最近、食品や日用品をネットで買う人はかなり増えてきていると思います。共働きの家庭や子育て世帯、高齢者の方にとって、買い物に行かなくても自宅に商品が届くネットスーパーは、かなり便利なサービスですよね。
ただ、ネットスーパーという分野には、すでに大手企業がたくさん参入しています。イオン、ライフ、Amazonフレッシュ、楽天マートなど、品ぞろえも配送網もポイント制度も持っている会社が競争しているわけです。
その中で、後発としてネットスーパーに参入するなら、単に「安く売ります」だけではかなり厳しいと思うんです。

特に個人や中小企業が参入する場合、大手と同じように何でもそろえて、すぐ届けて、送料無料にして、ポイントも付けるという戦い方は無理がありますよね。
だからこそ、後発で参入する場合は、大手と同じことをするのではなく、自分たちにしかできない形を作る必要があると思います。
今回の場合で言えば、農家が通常販売しにくい、形の悪い野菜や果物を扱うというのは、かなり面白い切り口だと思います。さらに、ソフトウェア開発の技術があるなら、そこを組み合わせることで、後発でも十分に戦える可能性があると思います。
ネットスーパーで後発参入する場合、一番やってはいけないのは、大手と同じ土俵で戦うことだと思います。

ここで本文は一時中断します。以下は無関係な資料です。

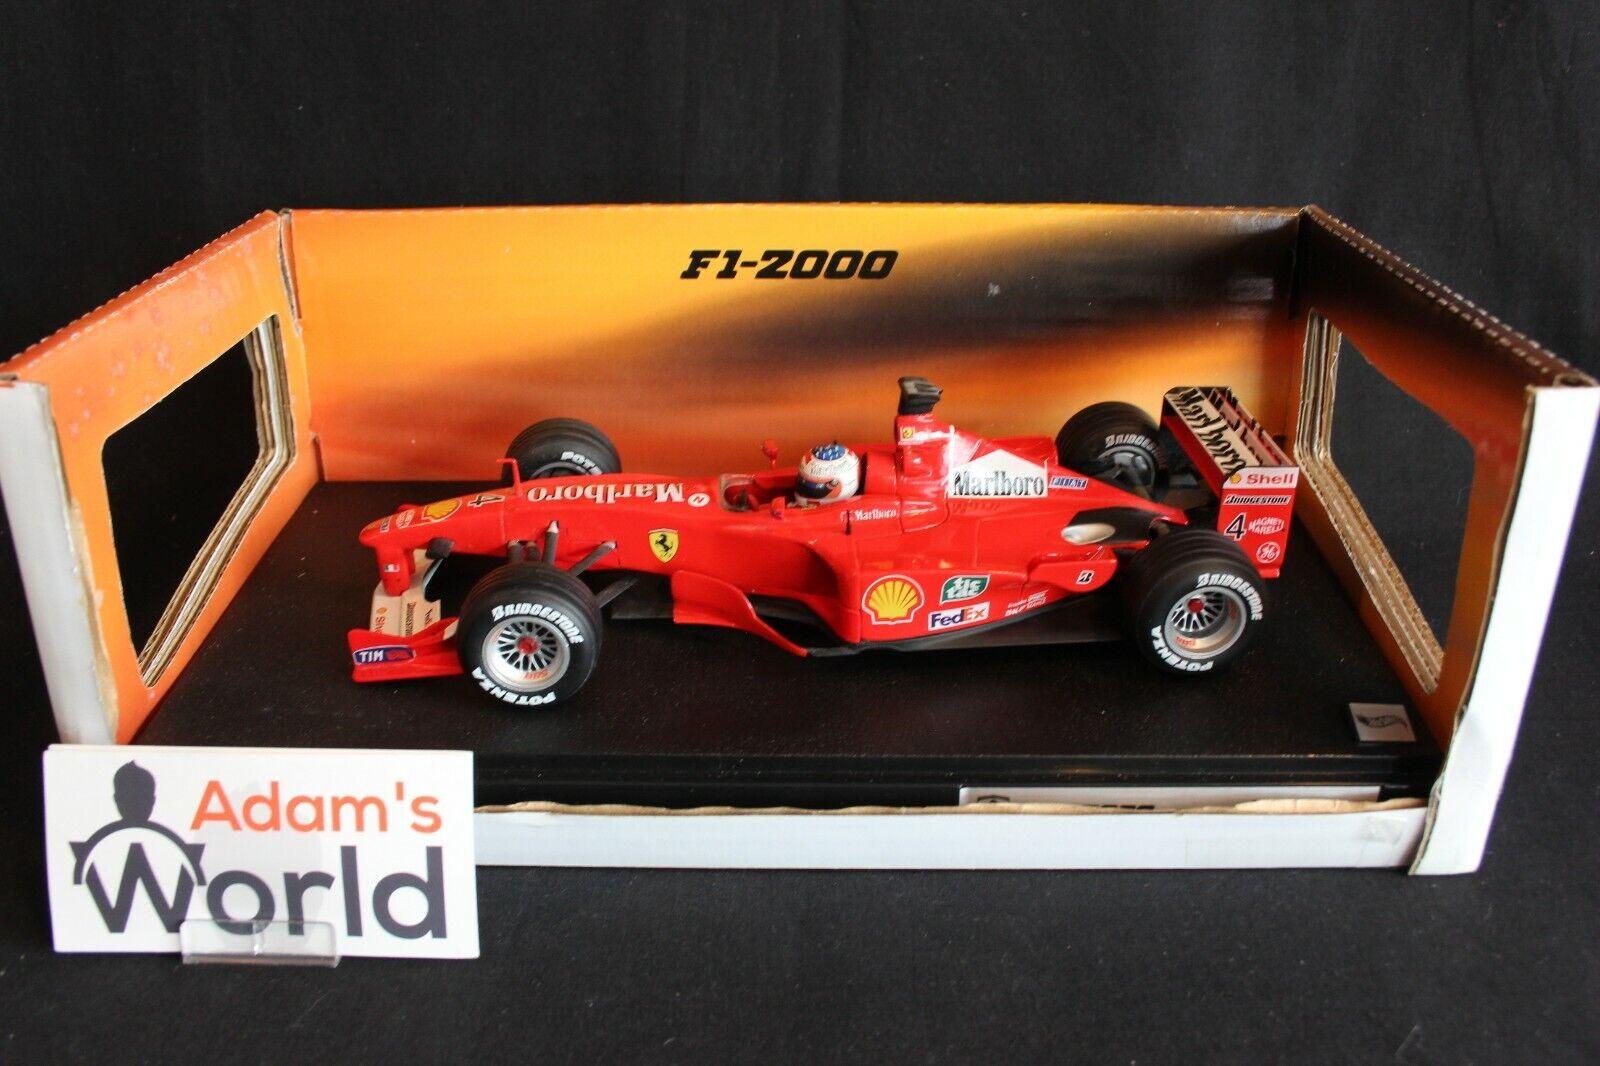 Hot Wheels Ferrari F-2000 2000 1 18  4 Rubens Barrichello  Marlboro  (PJBB)

大手企業は、品ぞろえ、物流、価格、ポイント、知名度のすべてにおいて強いですよね。
たとえば、後発企業がいきなり次のようなサービスを目指すと、かなり大変になると思います。
肉、魚、野菜、日用品まで幅広く扱う。
即日配送に対応する。
送料無料にする。
広いエリアに配送する。
1個単位で細かく注文できるようにする。
大手より安く販売する。
利用者から見ると、こういうサービスはもちろん便利です。でも、事業者側から見ると、在庫管理、仕入れ、配送、欠品対応、廃棄リスクが一気に増えてしまいますよね。
後発企業が取るべき戦略は、大手と同じ総合型ネットスーパーを目指すことではないと思います。
むしろ、地域密着型で、特定の商品や特定の顧客層に絞ったネットスーパーを作る方が、現実的だと思います。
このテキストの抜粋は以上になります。